Only the lines below from the one containing "person holding vase of green leafed plant" through the one containing "Architecture Throw Pillow" belong in the answer, repeated exactly and without pictures.
─── Task input ───
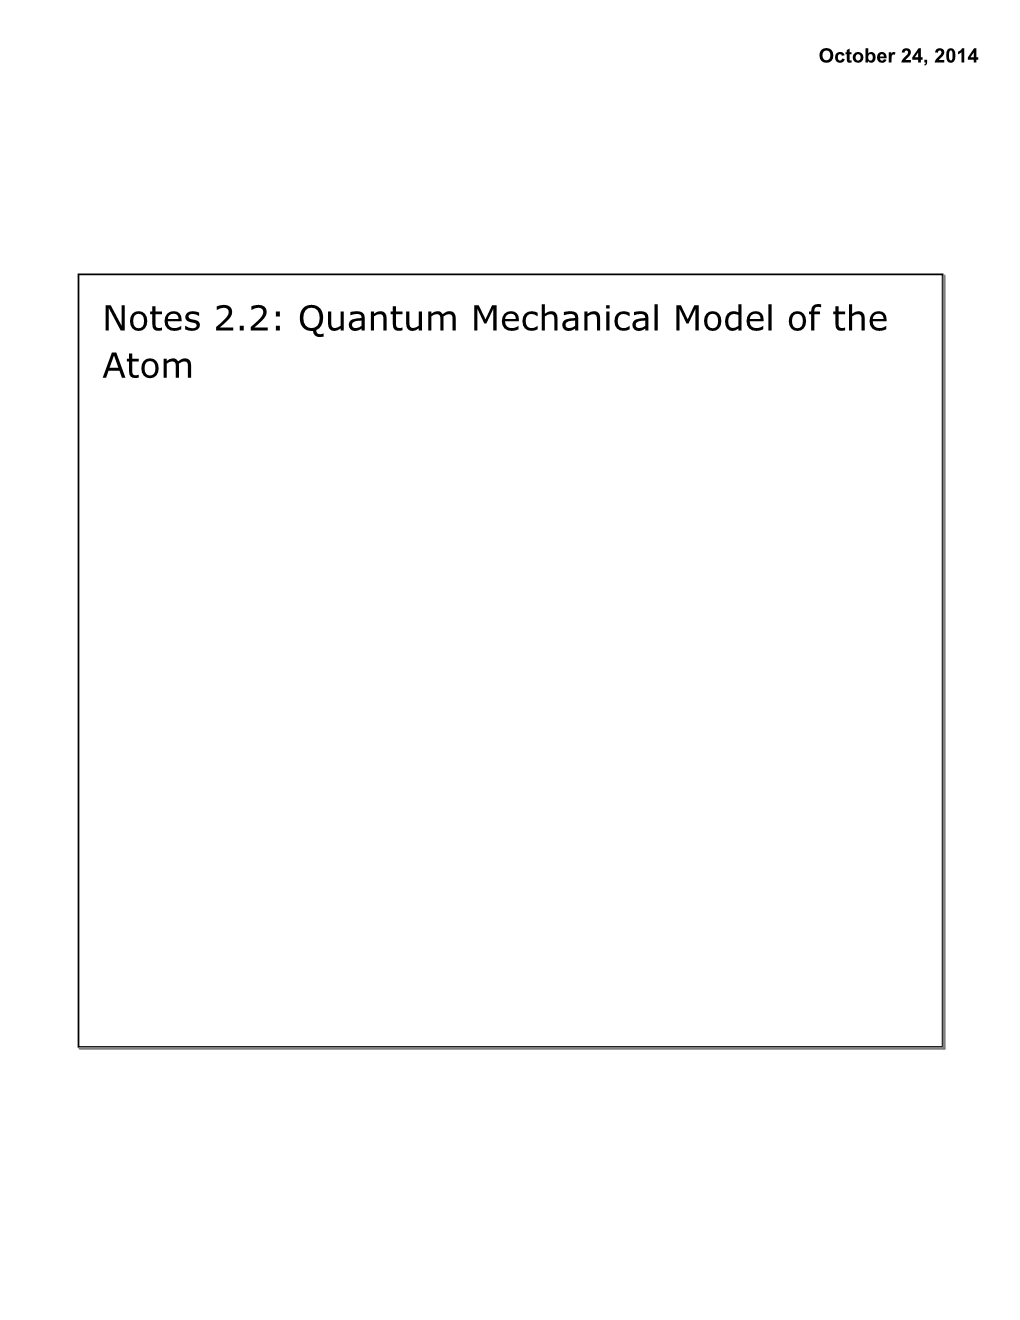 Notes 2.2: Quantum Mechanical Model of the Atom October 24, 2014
───
─── Task input ───
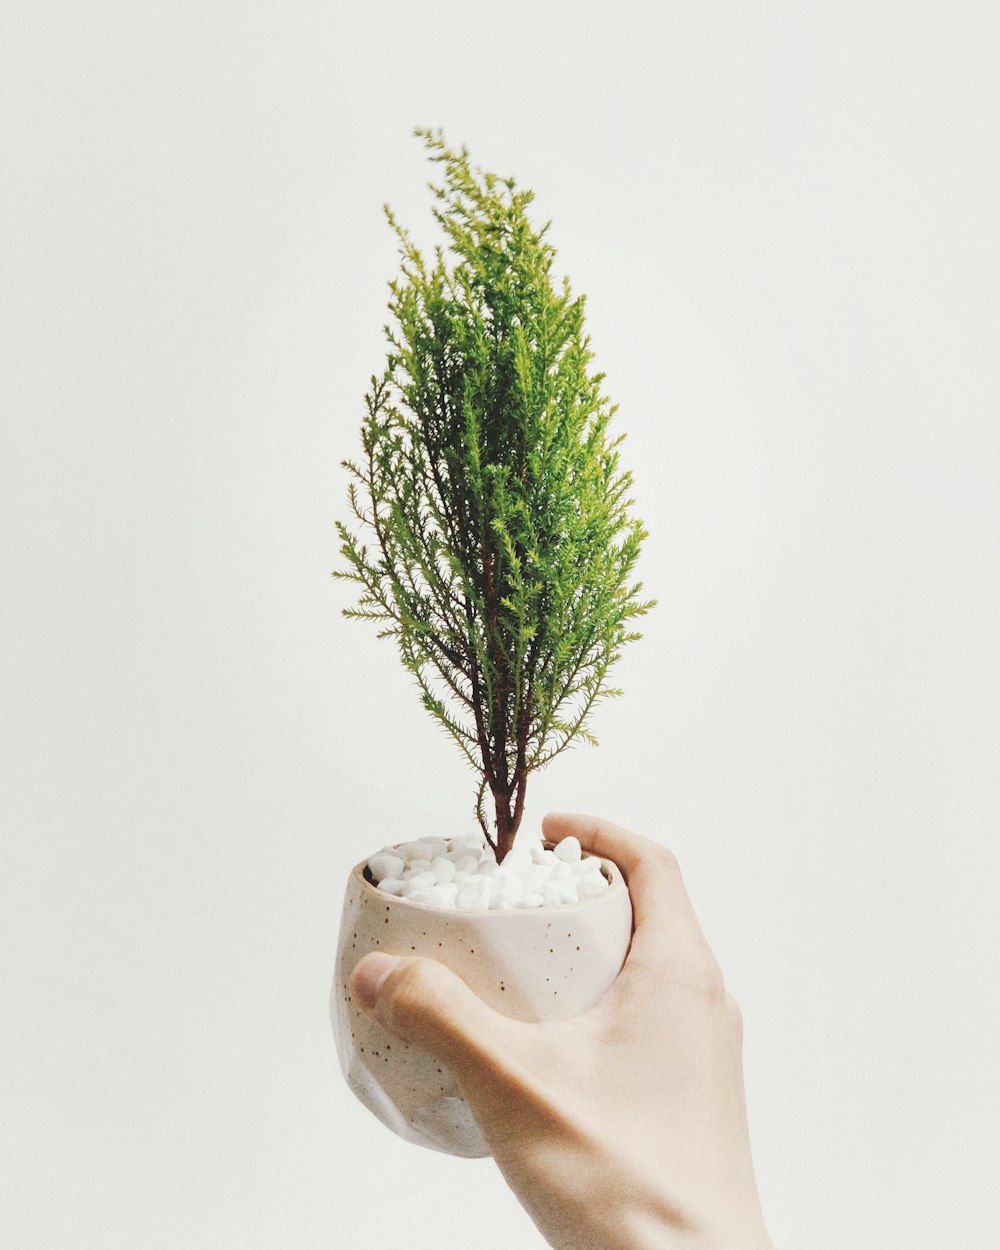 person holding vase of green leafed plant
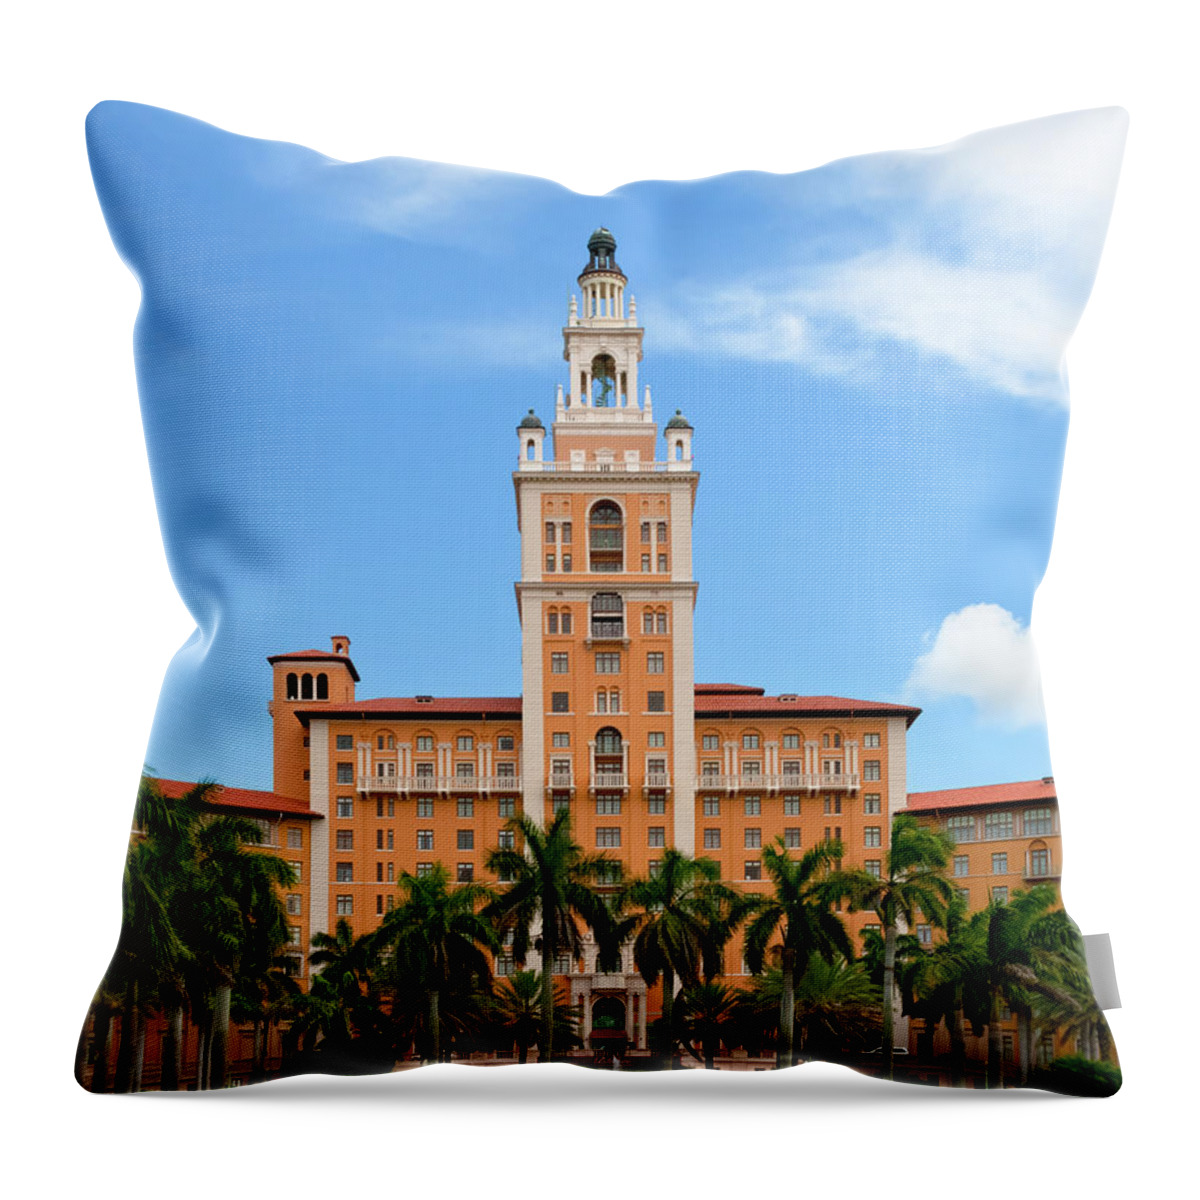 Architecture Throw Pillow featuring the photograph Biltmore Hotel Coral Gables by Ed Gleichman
───
▶ Response below:
 person holding vase of green leafed plant
 Architecture Throw Pillow featuring the photograph Biltmore Hotel Coral Gables by Ed Gleichman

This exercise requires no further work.